Data extract:
════════
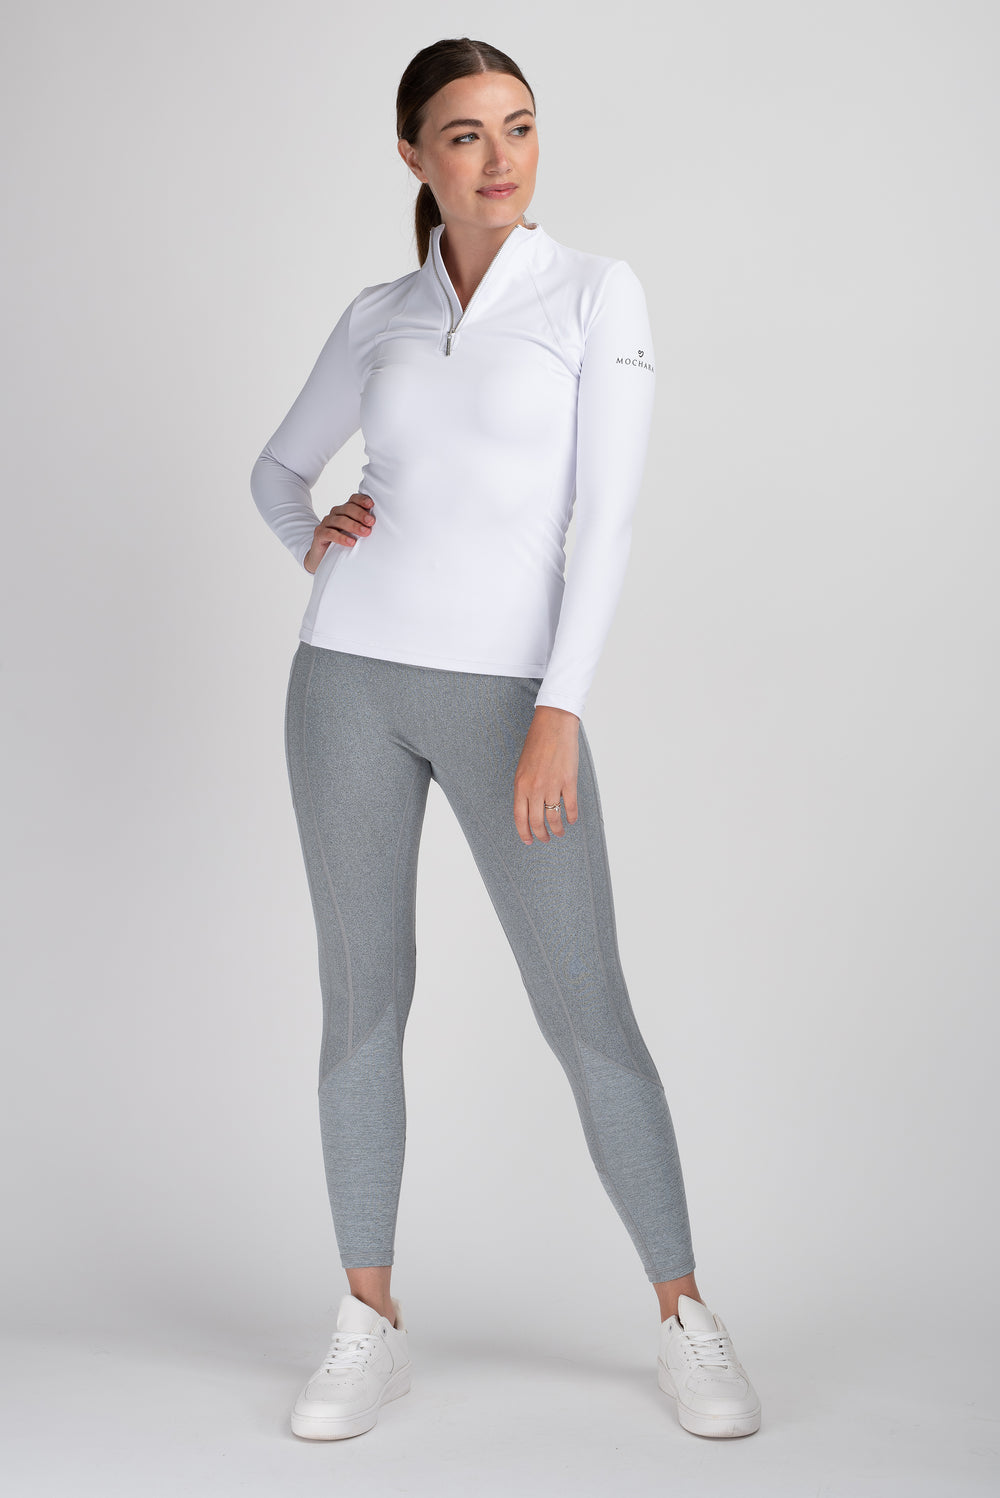 Woman in white top and gray horse riding tights standing confidently.
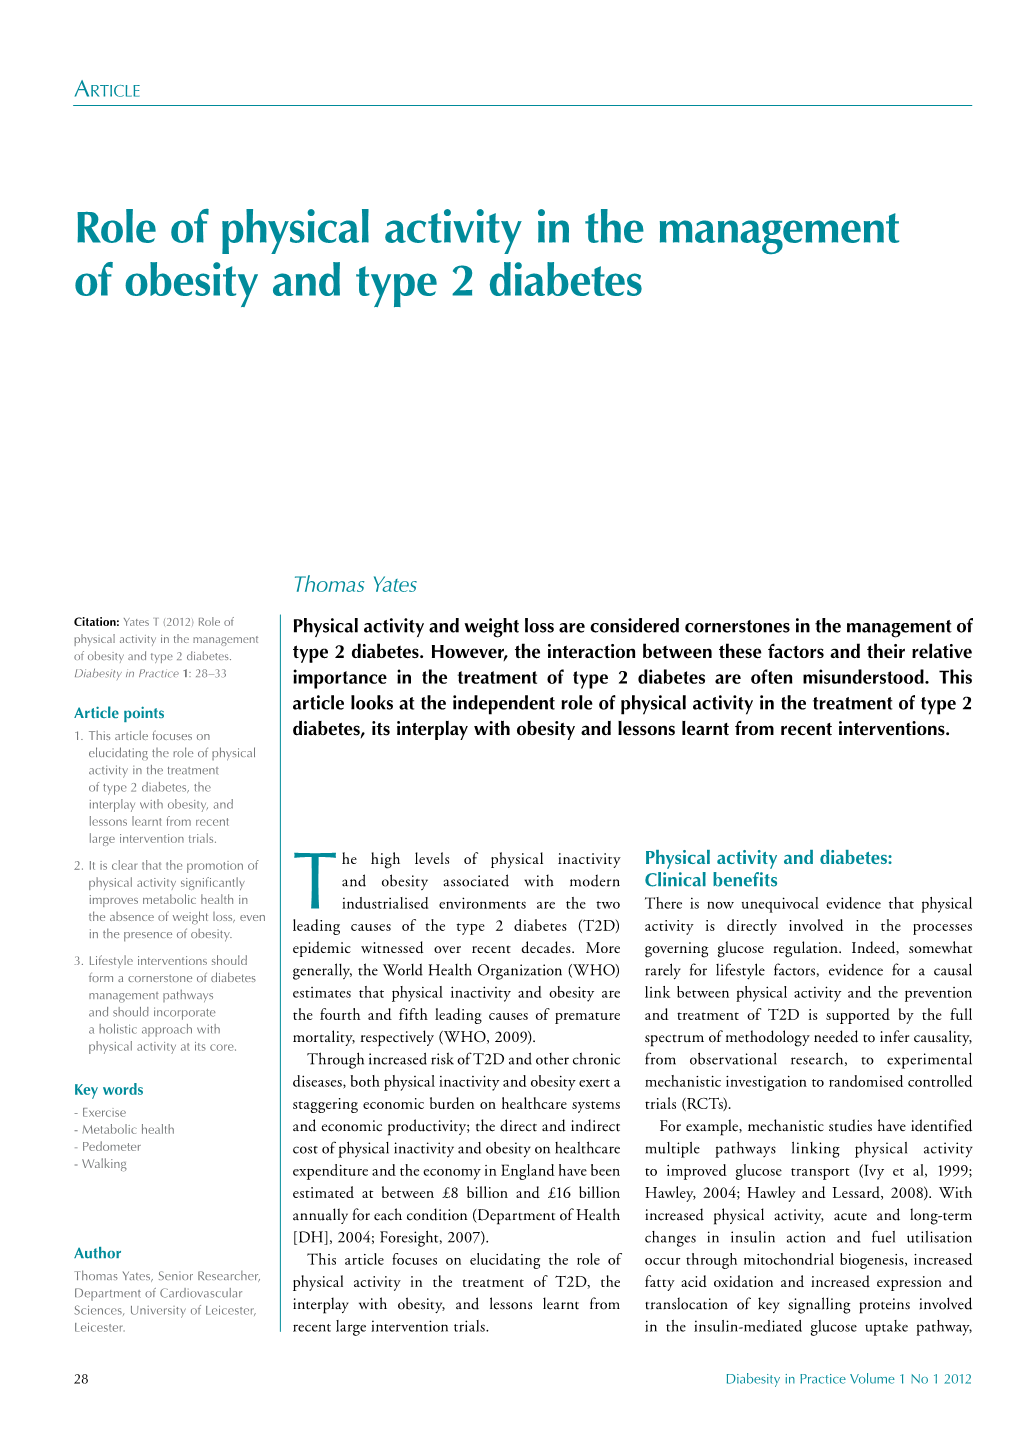 Role of Physical Activity in the Management of Obesity and Type 2 Diabetes
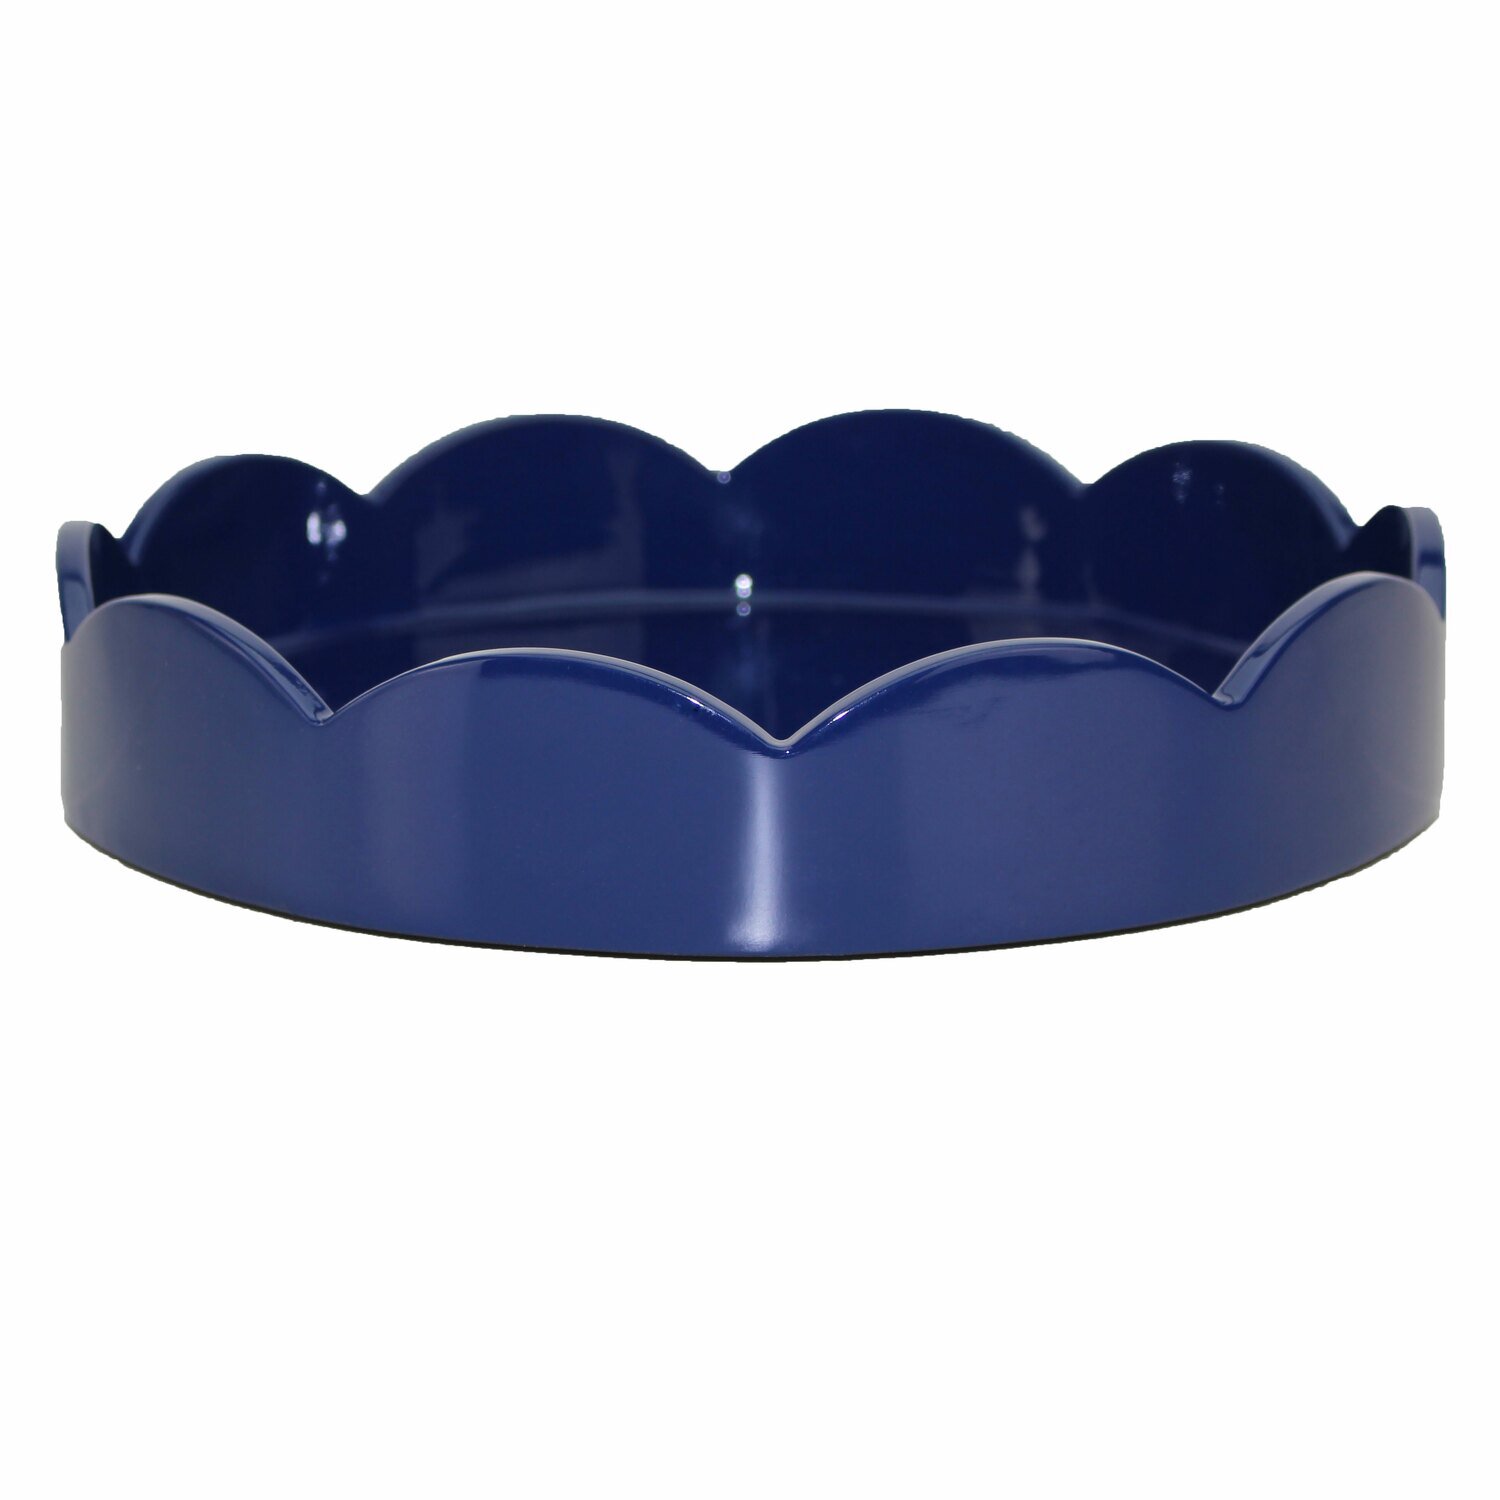 Addison Ross 8.5 x 8.5 Inch Scallop Tray Navy Wood TR6402
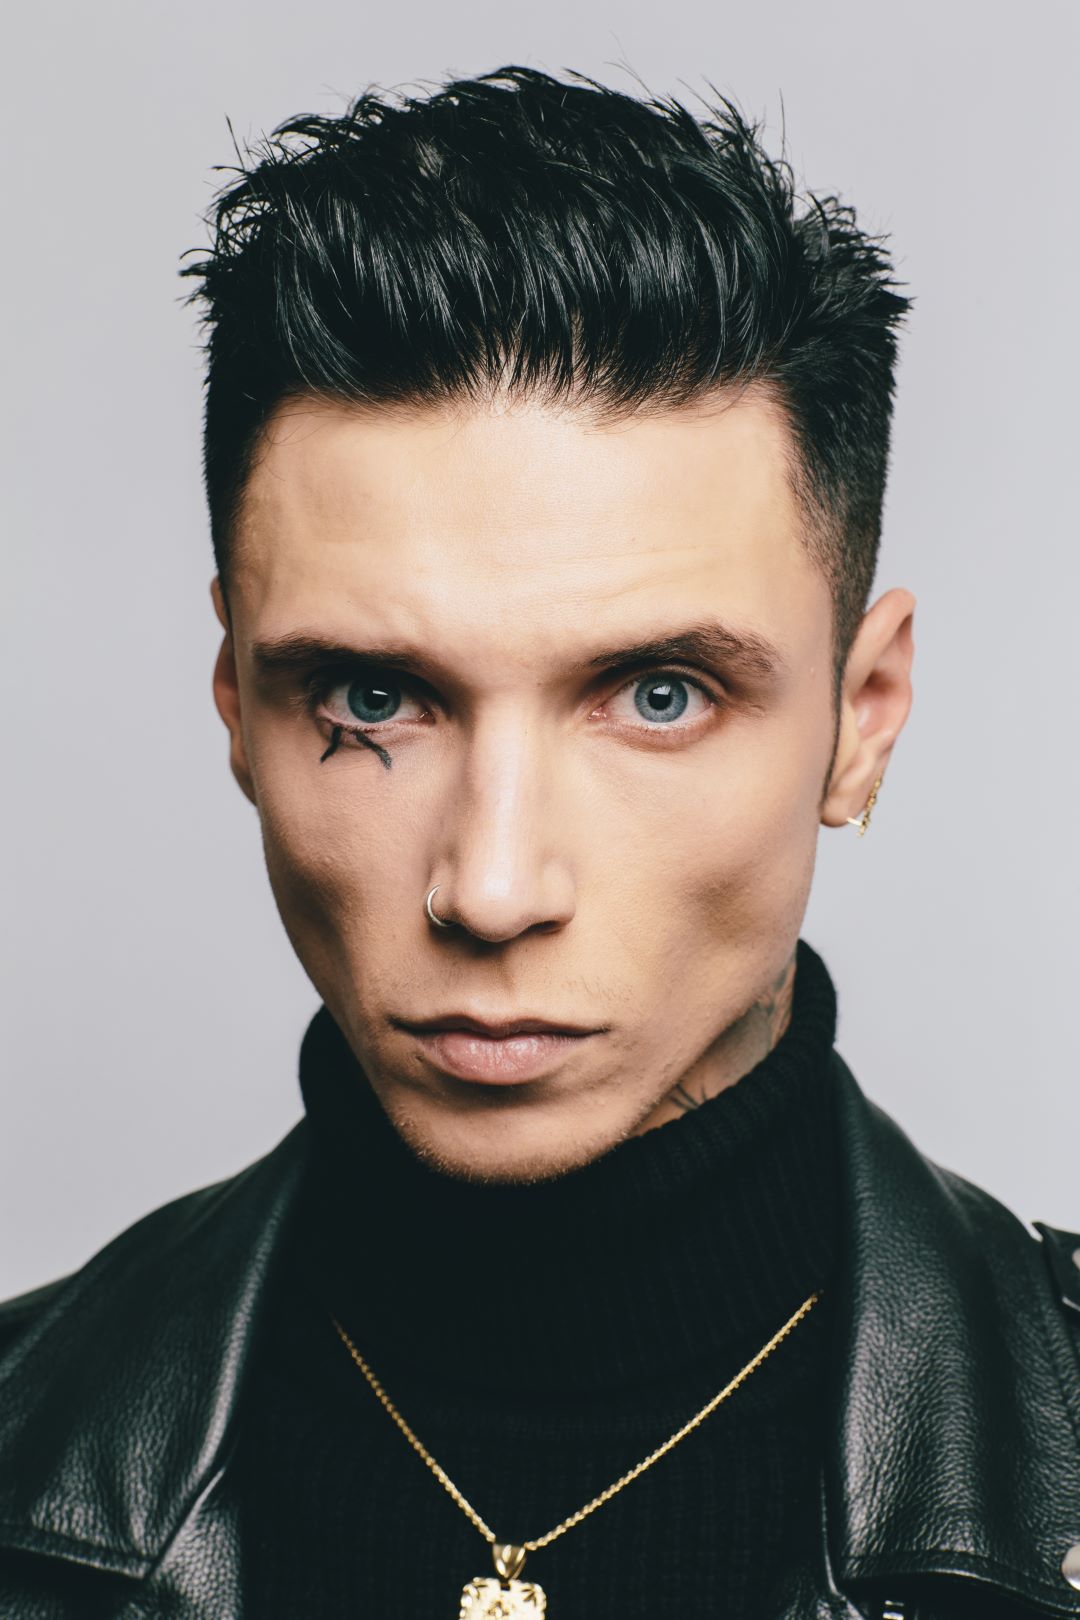 Andy Black - 'The Ghost of Ohio' Album Review - Frame The Stage
════════
Aim of the task: What is needed is an exact copy of the data, without any pictures.

Result of this task:
 Woman in white top and gray horse riding tights standing confidently.
 Role of Physical Activity in the Management of Obesity and Type 2 Diabetes
 Addison Ross 8.5 x 8.5 Inch Scallop Tray Navy Wood TR6402
 Andy Black - 'The Ghost of Ohio' Album Review - Frame The Stage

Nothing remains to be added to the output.